Prompt
Every line of the material should be output exactly as written.

Records for this exercise

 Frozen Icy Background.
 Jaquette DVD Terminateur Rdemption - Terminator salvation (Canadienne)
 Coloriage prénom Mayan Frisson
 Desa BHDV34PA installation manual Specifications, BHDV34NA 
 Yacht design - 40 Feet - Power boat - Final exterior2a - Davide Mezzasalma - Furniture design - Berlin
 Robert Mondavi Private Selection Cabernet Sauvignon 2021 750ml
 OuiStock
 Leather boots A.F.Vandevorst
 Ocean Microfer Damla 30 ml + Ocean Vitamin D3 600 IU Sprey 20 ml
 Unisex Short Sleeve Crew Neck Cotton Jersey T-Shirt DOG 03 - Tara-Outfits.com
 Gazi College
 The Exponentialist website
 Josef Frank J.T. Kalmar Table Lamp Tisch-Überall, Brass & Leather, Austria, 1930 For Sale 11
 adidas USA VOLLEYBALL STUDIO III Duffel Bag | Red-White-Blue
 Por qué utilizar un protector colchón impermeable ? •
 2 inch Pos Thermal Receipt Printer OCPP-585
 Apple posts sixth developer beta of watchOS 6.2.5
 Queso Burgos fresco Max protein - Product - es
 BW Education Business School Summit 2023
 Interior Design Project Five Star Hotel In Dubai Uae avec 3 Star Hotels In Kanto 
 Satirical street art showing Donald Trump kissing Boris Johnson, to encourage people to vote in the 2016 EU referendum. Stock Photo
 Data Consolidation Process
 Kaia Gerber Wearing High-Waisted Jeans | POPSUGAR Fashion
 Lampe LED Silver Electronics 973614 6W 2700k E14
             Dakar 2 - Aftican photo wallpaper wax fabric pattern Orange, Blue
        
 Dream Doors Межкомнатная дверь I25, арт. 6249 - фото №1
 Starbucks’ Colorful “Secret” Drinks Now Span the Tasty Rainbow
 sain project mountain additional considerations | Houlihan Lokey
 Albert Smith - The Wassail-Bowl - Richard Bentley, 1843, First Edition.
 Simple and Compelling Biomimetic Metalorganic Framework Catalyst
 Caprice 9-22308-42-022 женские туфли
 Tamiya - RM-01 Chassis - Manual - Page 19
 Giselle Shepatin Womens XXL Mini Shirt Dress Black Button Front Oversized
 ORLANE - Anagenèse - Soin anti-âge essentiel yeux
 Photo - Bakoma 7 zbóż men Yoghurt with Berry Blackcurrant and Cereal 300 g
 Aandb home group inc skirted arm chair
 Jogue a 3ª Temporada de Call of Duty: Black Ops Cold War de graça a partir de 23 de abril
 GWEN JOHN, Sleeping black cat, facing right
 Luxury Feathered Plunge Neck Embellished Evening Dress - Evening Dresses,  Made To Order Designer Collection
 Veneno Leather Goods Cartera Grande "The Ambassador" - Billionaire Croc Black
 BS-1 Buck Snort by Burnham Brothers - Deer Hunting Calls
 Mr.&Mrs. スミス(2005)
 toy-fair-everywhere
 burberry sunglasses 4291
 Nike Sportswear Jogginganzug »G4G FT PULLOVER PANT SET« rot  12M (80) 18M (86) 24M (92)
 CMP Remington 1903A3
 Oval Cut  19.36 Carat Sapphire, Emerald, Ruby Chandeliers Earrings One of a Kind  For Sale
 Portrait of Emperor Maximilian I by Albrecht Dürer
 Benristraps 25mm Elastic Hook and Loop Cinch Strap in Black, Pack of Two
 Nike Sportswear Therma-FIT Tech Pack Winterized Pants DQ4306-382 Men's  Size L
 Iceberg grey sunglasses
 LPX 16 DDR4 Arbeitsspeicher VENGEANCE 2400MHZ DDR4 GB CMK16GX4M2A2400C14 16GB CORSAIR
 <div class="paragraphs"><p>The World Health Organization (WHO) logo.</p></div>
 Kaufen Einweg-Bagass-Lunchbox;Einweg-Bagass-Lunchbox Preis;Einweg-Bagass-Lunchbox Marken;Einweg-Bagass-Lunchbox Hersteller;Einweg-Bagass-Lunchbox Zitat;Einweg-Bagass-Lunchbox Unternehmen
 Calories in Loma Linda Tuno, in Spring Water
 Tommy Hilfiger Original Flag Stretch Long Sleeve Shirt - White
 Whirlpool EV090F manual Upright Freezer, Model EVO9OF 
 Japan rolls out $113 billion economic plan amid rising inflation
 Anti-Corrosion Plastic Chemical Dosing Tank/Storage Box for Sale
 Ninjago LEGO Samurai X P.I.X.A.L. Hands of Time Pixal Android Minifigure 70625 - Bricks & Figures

Result
 Frozen Icy Background.
 Jaquette DVD Terminateur Rdemption - Terminator salvation (Canadienne)
 Coloriage prénom Mayan Frisson
 Desa BHDV34PA installation manual Specifications, BHDV34NA 
 Yacht design - 40 Feet - Power boat - Final exterior2a - Davide Mezzasalma - Furniture design - Berlin
 Robert Mondavi Private Selection Cabernet Sauvignon 2021 750ml
 OuiStock
 Leather boots A.F.Vandevorst
 Ocean Microfer Damla 30 ml + Ocean Vitamin D3 600 IU Sprey 20 ml
 Unisex Short Sleeve Crew Neck Cotton Jersey T-Shirt DOG 03 - Tara-Outfits.com
 Gazi College
 The Exponentialist website
 Josef Frank J.T. Kalmar Table Lamp Tisch-Überall, Brass & Leather, Austria, 1930 For Sale 11
 adidas USA VOLLEYBALL STUDIO III Duffel Bag | Red-White-Blue
 Por qué utilizar un protector colchón impermeable ? •
 2 inch Pos Thermal Receipt Printer OCPP-585
 Apple posts sixth developer beta of watchOS 6.2.5
 Queso Burgos fresco Max protein - Product - es
 BW Education Business School Summit 2023
 Interior Design Project Five Star Hotel In Dubai Uae avec 3 Star Hotels In Kanto 
 Satirical street art showing Donald Trump kissing Boris Johnson, to encourage people to vote in the 2016 EU referendum. Stock Photo
 Data Consolidation Process
 Kaia Gerber Wearing High-Waisted Jeans | POPSUGAR Fashion
 Lampe LED Silver Electronics 973614 6W 2700k E14
             Dakar 2 - Aftican photo wallpaper wax fabric pattern Orange, Blue
        
 Dream Doors Межкомнатная дверь I25, арт. 6249 - фото №1
 Starbucks’ Colorful “Secret” Drinks Now Span the Tasty Rainbow
 sain project mountain additional considerations | Houlihan Lokey
 Albert Smith - The Wassail-Bowl - Richard Bentley, 1843, First Edition.
 Simple and Compelling Biomimetic Metalorganic Framework Catalyst
 Caprice 9-22308-42-022 женские туфли
 Tamiya - RM-01 Chassis - Manual - Page 19
 Giselle Shepatin Womens XXL Mini Shirt Dress Black Button Front Oversized
 ORLANE - Anagenèse - Soin anti-âge essentiel yeux
 Photo - Bakoma 7 zbóż men Yoghurt with Berry Blackcurrant and Cereal 300 g
 Aandb home group inc skirted arm chair
 Jogue a 3ª Temporada de Call of Duty: Black Ops Cold War de graça a partir de 23 de abril
 GWEN JOHN, Sleeping black cat, facing right
 Luxury Feathered Plunge Neck Embellished Evening Dress - Evening Dresses,  Made To Order Designer Collection
 Veneno Leather Goods Cartera Grande "The Ambassador" - Billionaire Croc Black
 BS-1 Buck Snort by Burnham Brothers - Deer Hunting Calls
 Mr.&Mrs. スミス(2005)
 toy-fair-everywhere
 burberry sunglasses 4291
 Nike Sportswear Jogginganzug »G4G FT PULLOVER PANT SET« rot  12M (80) 18M (86) 24M (92)
 CMP Remington 1903A3
 Oval Cut  19.36 Carat Sapphire, Emerald, Ruby Chandeliers Earrings One of a Kind  For Sale
 Portrait of Emperor Maximilian I by Albrecht Dürer
 Benristraps 25mm Elastic Hook and Loop Cinch Strap in Black, Pack of Two
 Nike Sportswear Therma-FIT Tech Pack Winterized Pants DQ4306-382 Men's  Size L
 Iceberg grey sunglasses
 LPX 16 DDR4 Arbeitsspeicher VENGEANCE 2400MHZ DDR4 GB CMK16GX4M2A2400C14 16GB CORSAIR
 <div class="paragraphs"><p>The World Health Organization (WHO) logo.</p></div>
 Kaufen Einweg-Bagass-Lunchbox;Einweg-Bagass-Lunchbox Preis;Einweg-Bagass-Lunchbox Marken;Einweg-Bagass-Lunchbox Hersteller;Einweg-Bagass-Lunchbox Zitat;Einweg-Bagass-Lunchbox Unternehmen
 Calories in Loma Linda Tuno, in Spring Water
 Tommy Hilfiger Original Flag Stretch Long Sleeve Shirt - White
 Whirlpool EV090F manual Upright Freezer, Model EVO9OF 
 Japan rolls out $113 billion economic plan amid rising inflation
 Anti-Corrosion Plastic Chemical Dosing Tank/Storage Box for Sale
 Ninjago LEGO Samurai X P.I.X.A.L. Hands of Time Pixal Android Minifigure 70625 - Bricks & Figures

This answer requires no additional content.